Charley was most amused at the thought that, any minute now, the gentlemen either side of Horrie would feel that their pockets was lighter and grab him as the culprit. The younger boys laughed
too and only Jem was sharp enough to see there was nothing droll about that. He turned to me.

‘We ain't going back for him, Dodger. Least I ain't.'

The other boys stopped laughing and looked at me in wonder at the very idea.

‘He's got nothing on him,' said one.

‘He won't say nothing,' said another.

‘And even if he does, so what?' asked a third, ‘he ain't even met the Jew.'

‘I know Horrie ain't much,' I said. ‘But friends is friends. And if any of you lads was in a tight spot, then I would just as soon come to your aid.' This remark made an impression upon Charley and the two younger boys and they nodded at me with due admiration.
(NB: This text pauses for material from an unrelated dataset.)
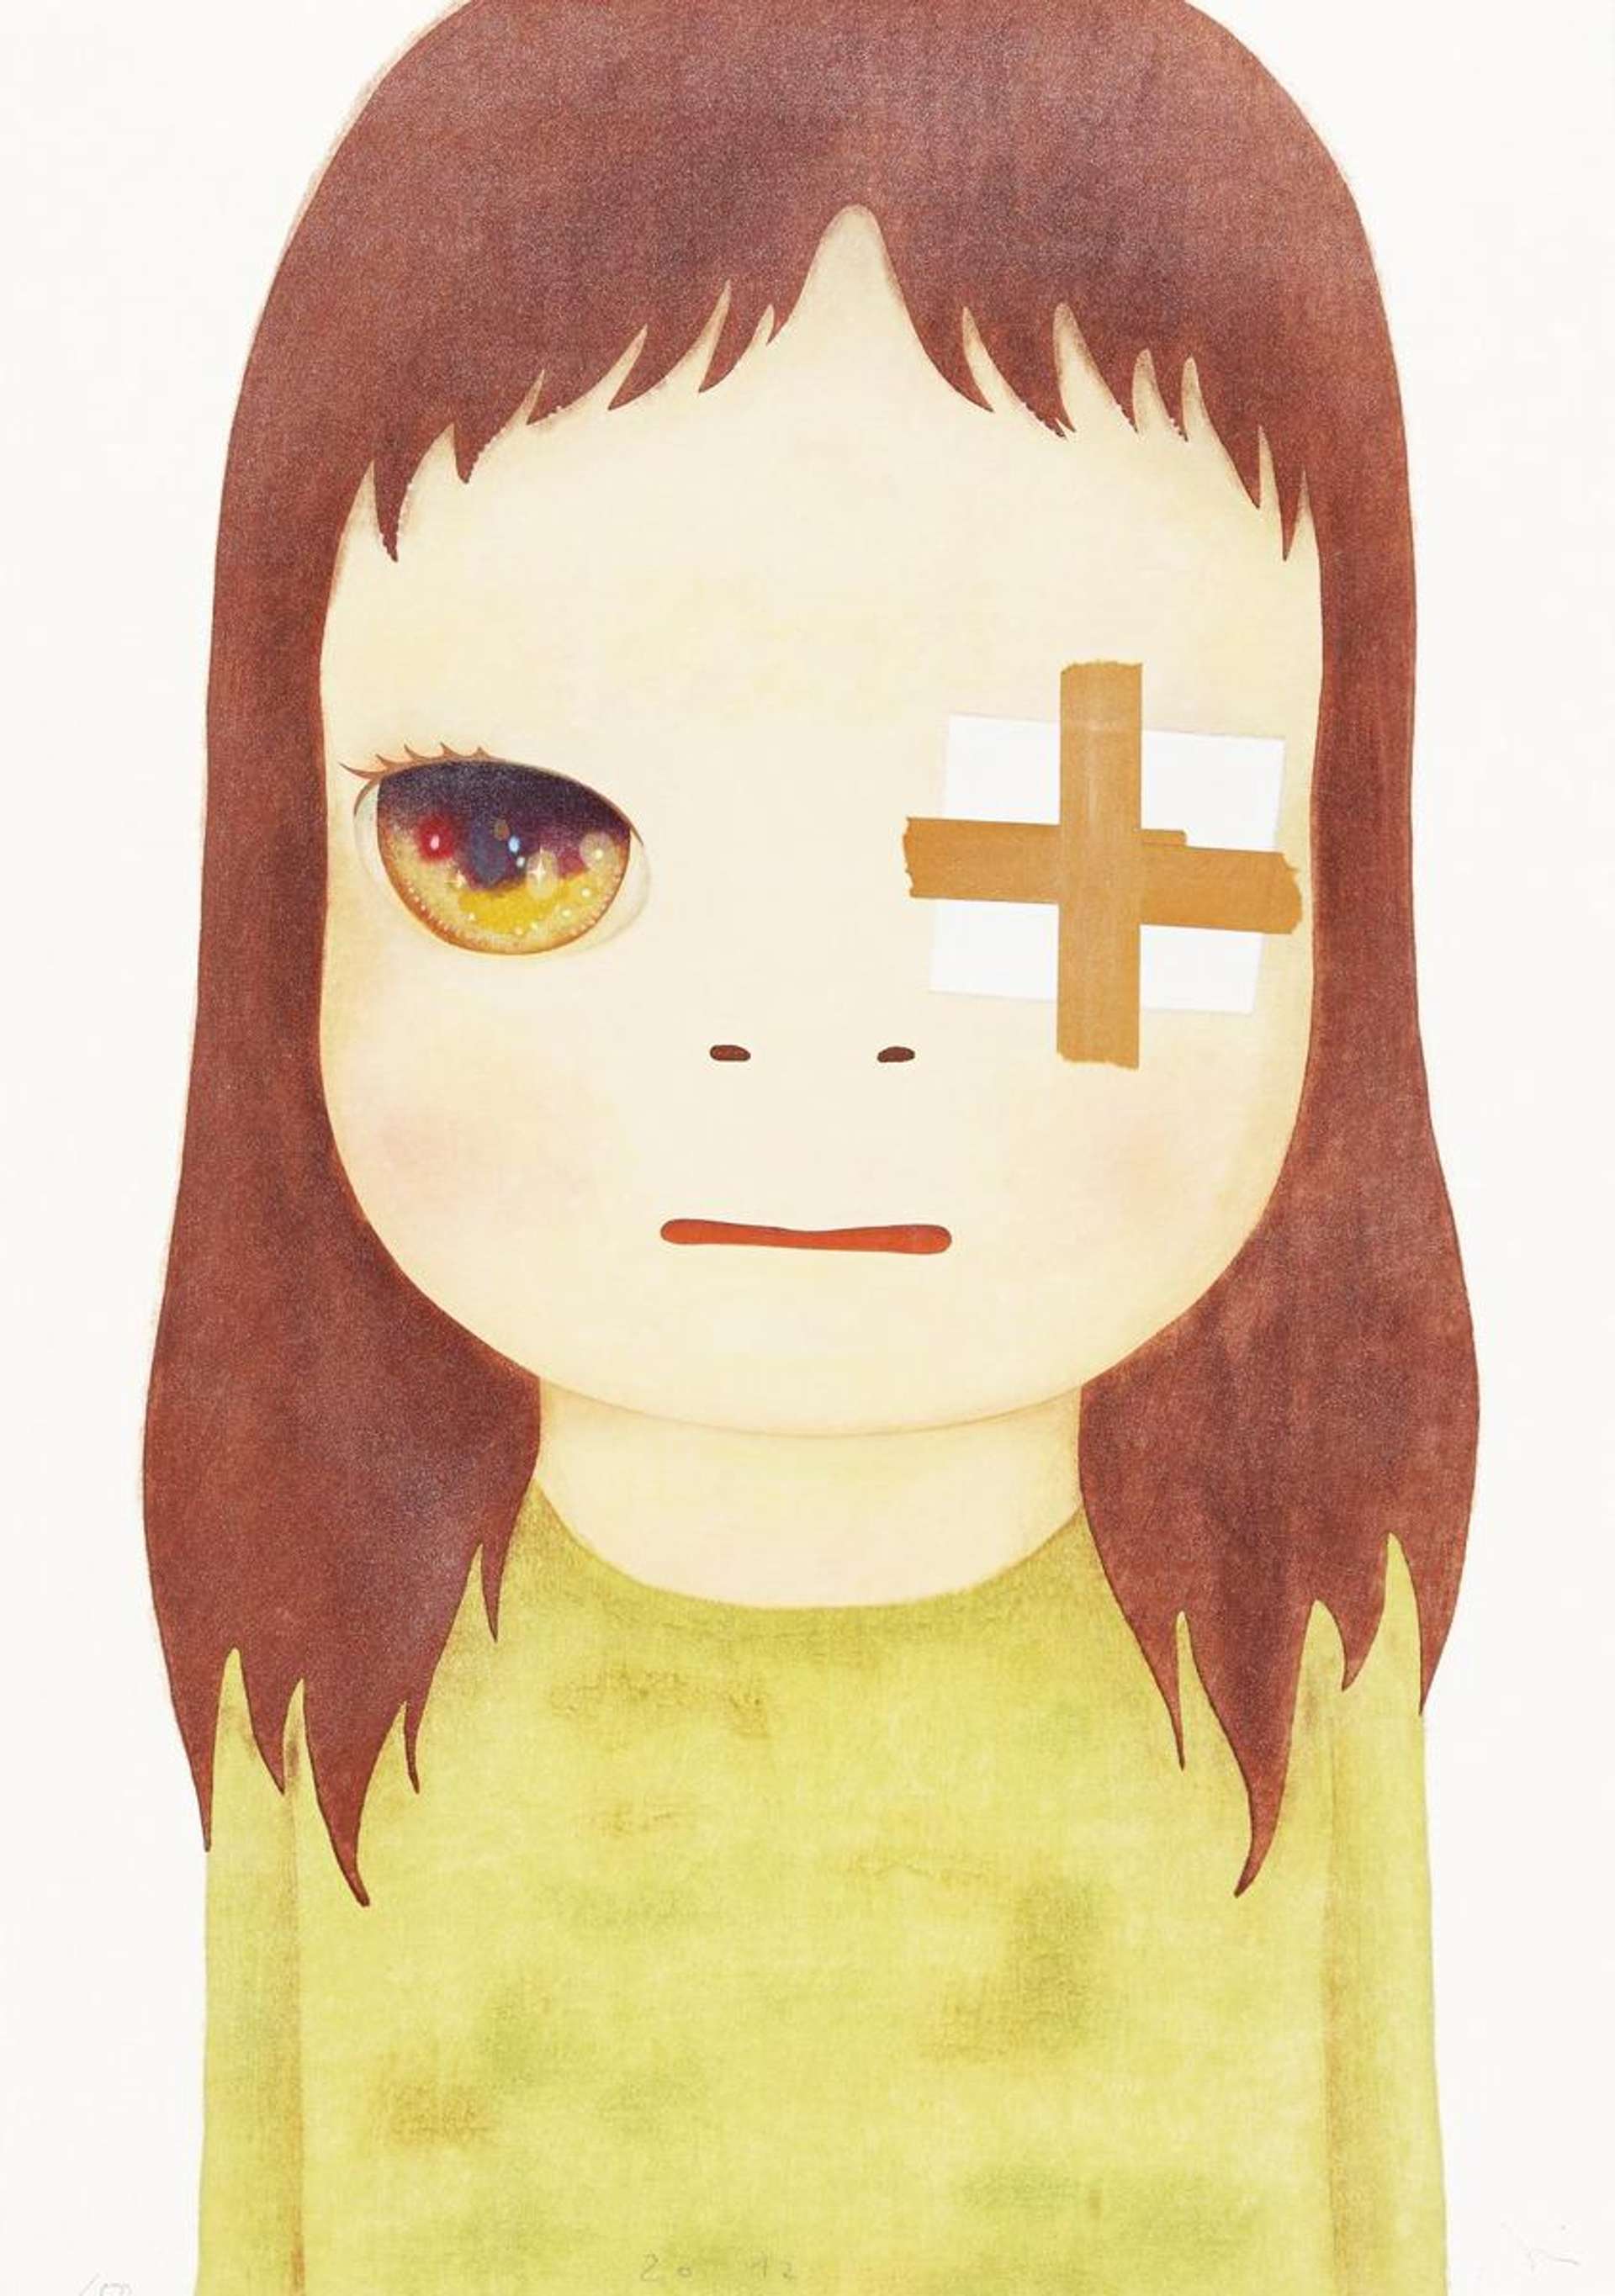 Yoshitomo Nara’s Untitled (Eye Patch). A woodcut print of a girl with eye covered with bandage Yoshitomo Nara’s Untitled (Eye Patch). A woodcut print of a girl with eye covered with bandage

Jem, though, was having none of it.

‘Tell that to the workhouse boy,' he said, referring to a recent incident what had led to all sorts of trouble for the Jew. ‘If this Horrie wasn't a relation of yourn, then you would just as happily stroll off.'

I ignored this slur against my good character and spoke to the others. ‘You lot go to the courtyard off Crick Lane to compare findings. I'm going back for Horrie and, while I'm there, I may feel like collecting some more valuables for my trouble. We'll meet at the broken pump in ten minutes.' I emptied my pockets of my morning's work and handed them to Charley for safekeeping. These was some handkerchiefs of the finest silk, two ladies' purses containing eighteen sovereigns between them and, what was most impressive, a gold watch and chain what I had liberated from an old gentleman's vest pocket. The boys
ooh
ed and
aah
ed, as well they might, as these findings was worth more than all theirs put together. I dangled the ticker from its chain so they could see its value and I tossed it to Charley. I was the only one among us what dared to do vest pockets.

With that I shot Jem a hard look to remind him who was topsawyer around here. Then I put my hands in my pockets, so as to strike an idle pose, and went sauntering back to the scene of my freshest crime whistling a carefree tune. Those boys may well have wondered, as they watched me stroll away, as to why a clever thief of distinction, such as myself, would be risking the grab for one such as Horrie, a boy that we had long since nicknamed the Fartful Podger. The answer to this lay in my regrettable dealings with a woman I was once unfortunate enough to live with. A wicked, conniving old hag called Kat, who I often had cause to wish that I had never even met. But it is a sorry truth that you cannot pick your own mother.